Emociones todas

La mayoría de nosotros nos hemos enfadado por algo en las últimas 24 horas. Es un estado que generalmente no nos gusta. Tendemos a pensar en el enfado como una emoción salvaje, negativa.

Existen multitud de buenas y civilizadas razones para evitarlo. No solo nos hace sentir mal, sino que provoca que nos comportemos como imbéciles, sin darnos cuenta de lo auto-destructivo que resulta.

Como resultado de esto, hacemos todo lo posible para no enfadarnos u ocultar que lo estamos. Pensamos que nuestro enfado es algo vergonzoso, que no debemos mostrar, al menos en público.

La realidad es que cuando nos referimos al enfado, a la rabia, la mayoría de nosotros nos estamos refiriendo a algo que percibimos como incontrolado, que se “derrama” hacia todos lados y que termina haciéndonos daño, tanto a nosotros como a los demás que nos rodean. En psicología esto forma parte de lo que se denomina “descontrol emocional” y requiere de la intervención de un profesional para manejarlo, si se termina convirtiendo en un patrón de comportamiento.

Pero distintas investigaciones nos sugieren que enfadarse también tiene su lado positivo. Como todas las emociones, tiene sus propósitos, que pueden resultar enormemente beneficiosos para nuestro desarrollo personal.

La rabia (o el enfado) son motivantes si la convertimos en energía positiva.

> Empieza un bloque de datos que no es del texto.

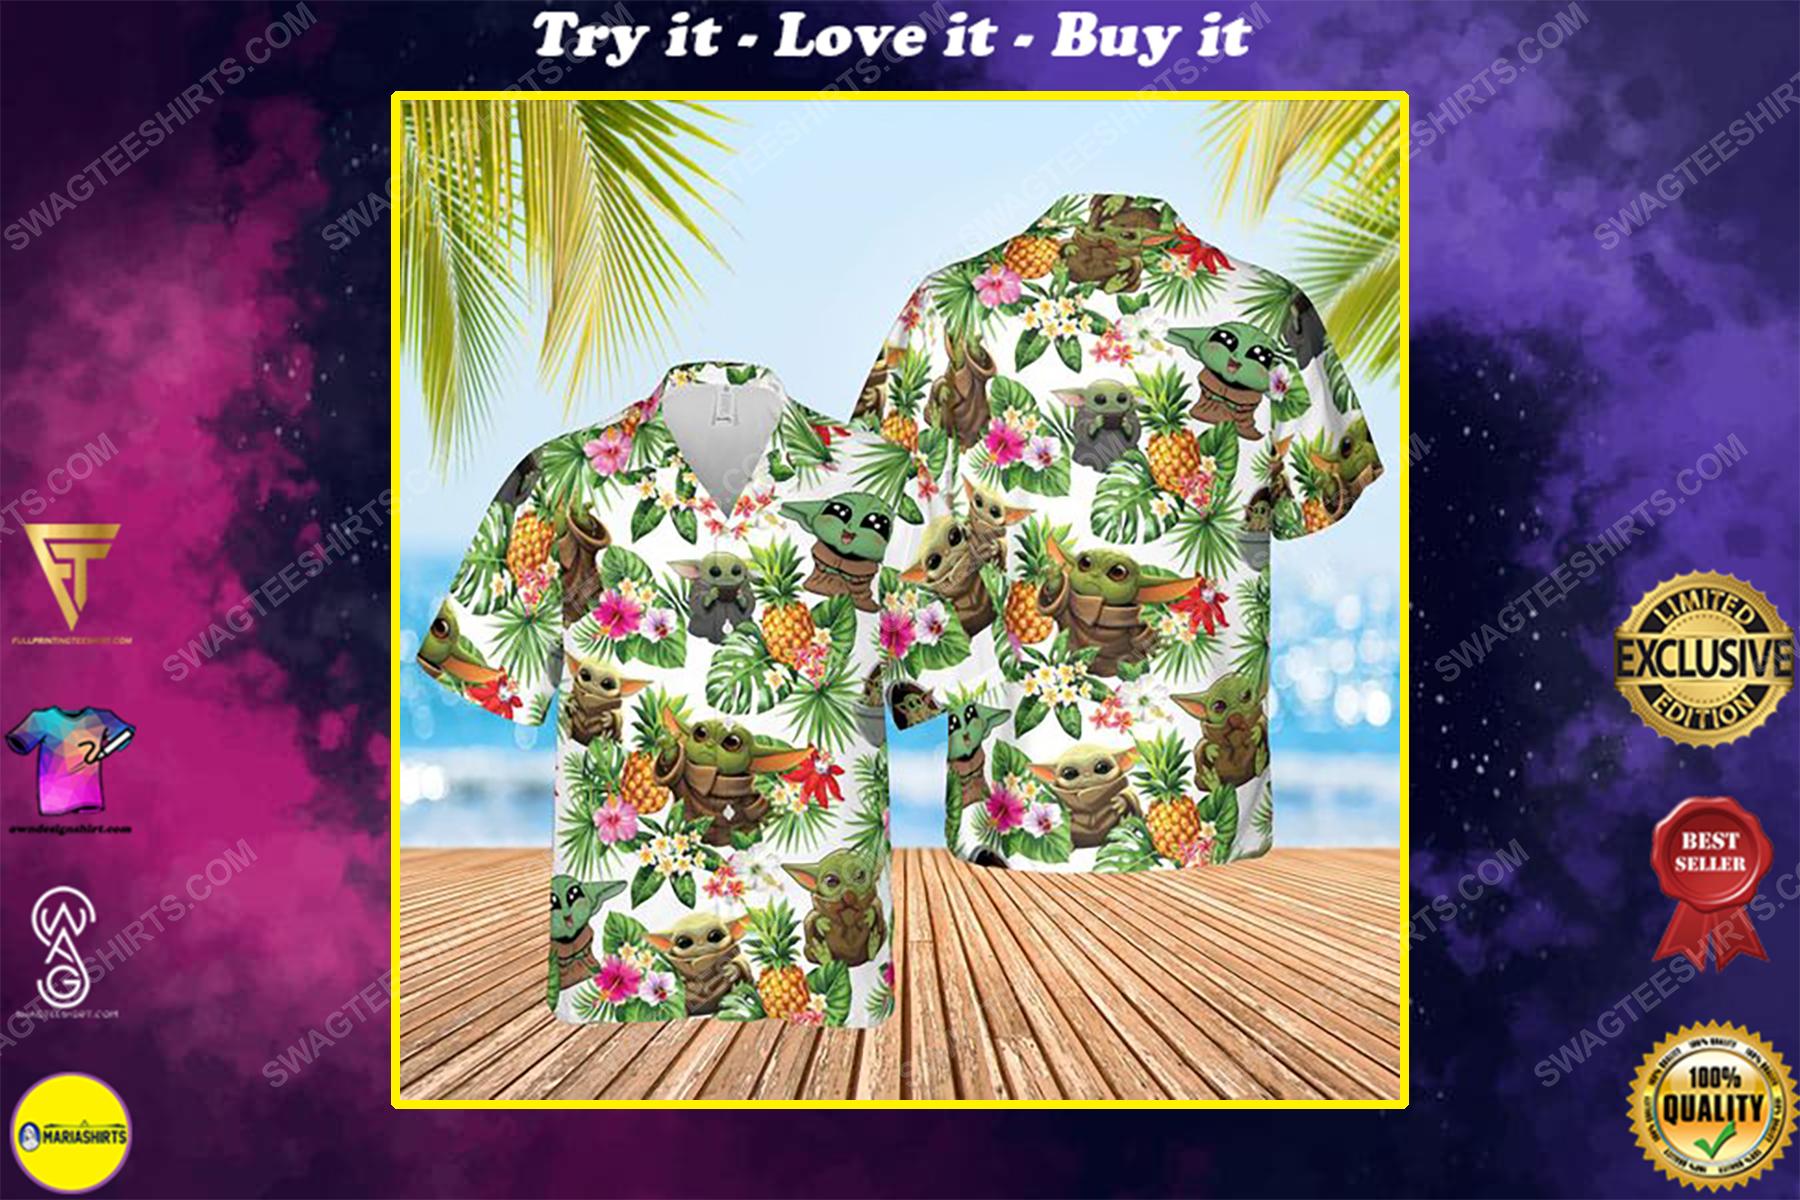 Tropical fruits star wars baby yoda summer vacation hawaiian shirt

En un estudio reciente se encontró que cuando percibimos que algo puede ser beneficioso para nosotros, “apretar los dientes” para conseguirlo, incluso enfadándonos de forma constructiva, nos hace sentir más capaces y nos da una energía extra que no conseguiríamos de otra forma.

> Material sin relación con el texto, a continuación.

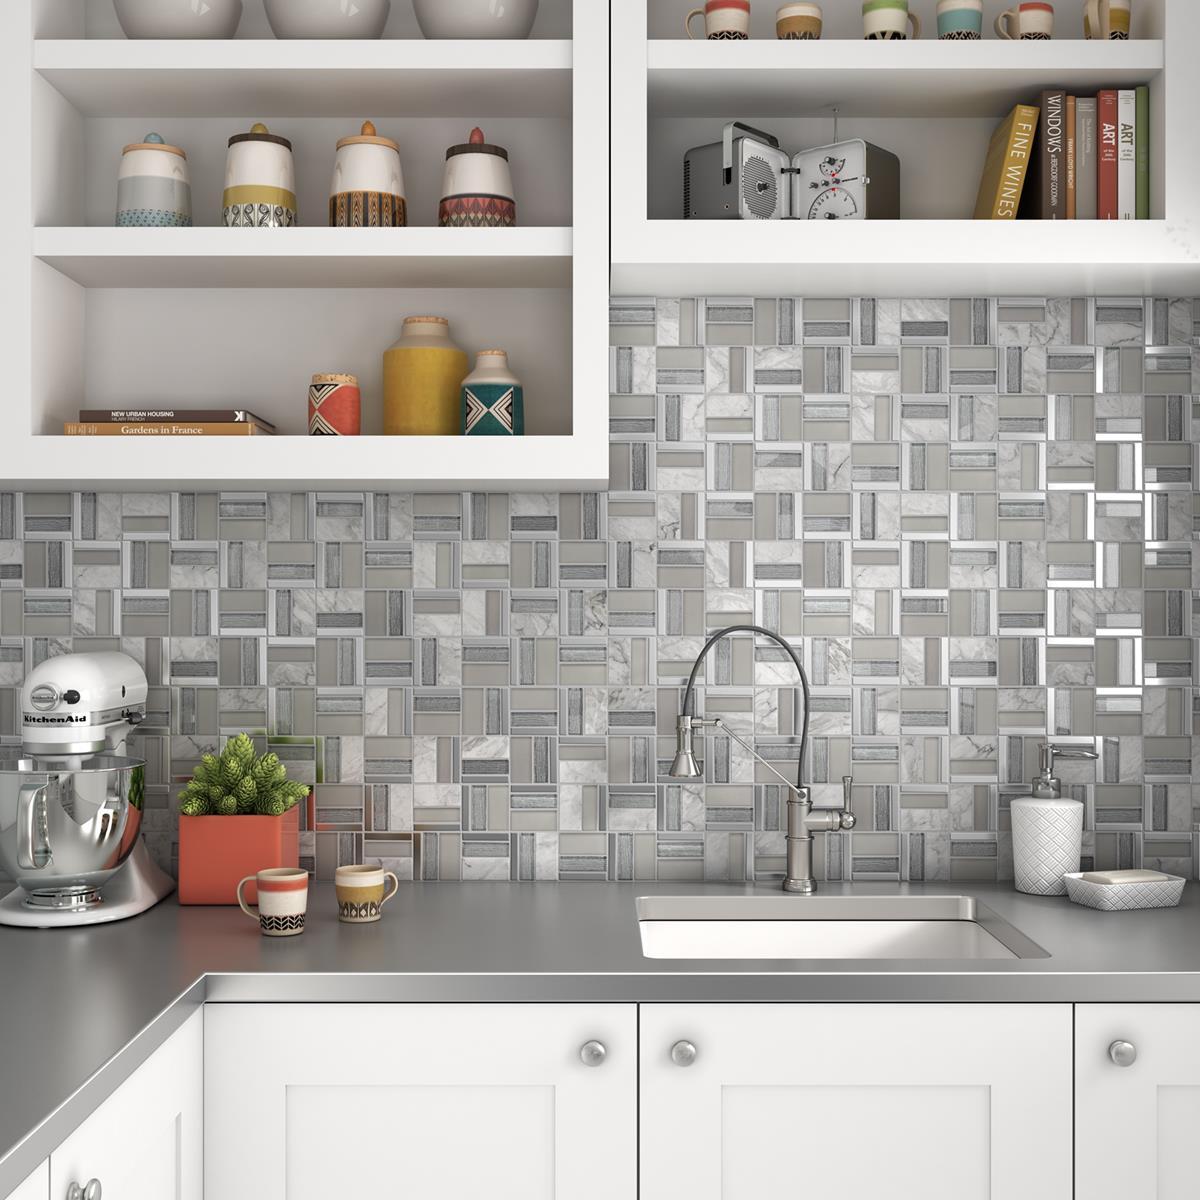 render-3d-de-mosaico-de-ceramica-plata-para-cocina

Los “rabisquitas” son más optimistas. Puede que suene extraño, pero lo cierto es que aquellos que son más propensos a enfadarse suelen también tener una mejor visión del futuro. En un estudio con personas que vivieron el 11S, se comprobó que los que experimentaron mas rabia eran, sin embargo, los que esperaban un futuro mejor.

El enfado puede beneficiar las relaciones. Si, aunque parezca mentira, enfadarse es la forma natural de comunicar que algo no nos gusta. Si este enfado es constructivo, establece una dinámica emocional que puede resultar muy beneficiosa en una relación.

Enfadarnos reduce la violencia. Aunque resulte paradójico, expresar enérgicamente nuestra disconformidad con algo que no nos gusta o nos parece injusto, puede conseguir que aquellos con capacidad de cambiarlo, consideren hacerlo.

Esto es lo maravilloso de la condición humana. Estar contento no siempre es bueno y estar enfadado no siempre es malo. Y, a menudo, enfadarnos consigue que nos motivemos para actuar, para cambiar.

Es por esto que la clave de nuestra propuesta de hoy en este espacio de psicología para entendernos, la tenemos en la cita que la presenta. Las emociones, están ahí por algo. Nos hacen ser conscientes de como nos sentimos. Pero solamente eso. Si algunas de ellas, como la rabia o la ira, que están diseñadas para mostrar nuestro desacuerdo -hacia algo que nos parece injusto, por ejemplo-, se queda con nosotros, se produce el efecto contrario: nos contamina y consigue que su fuerza para actuar se quede en nada. Y frecuentemente, termine dañando nuestra visión del mundo y de las personas.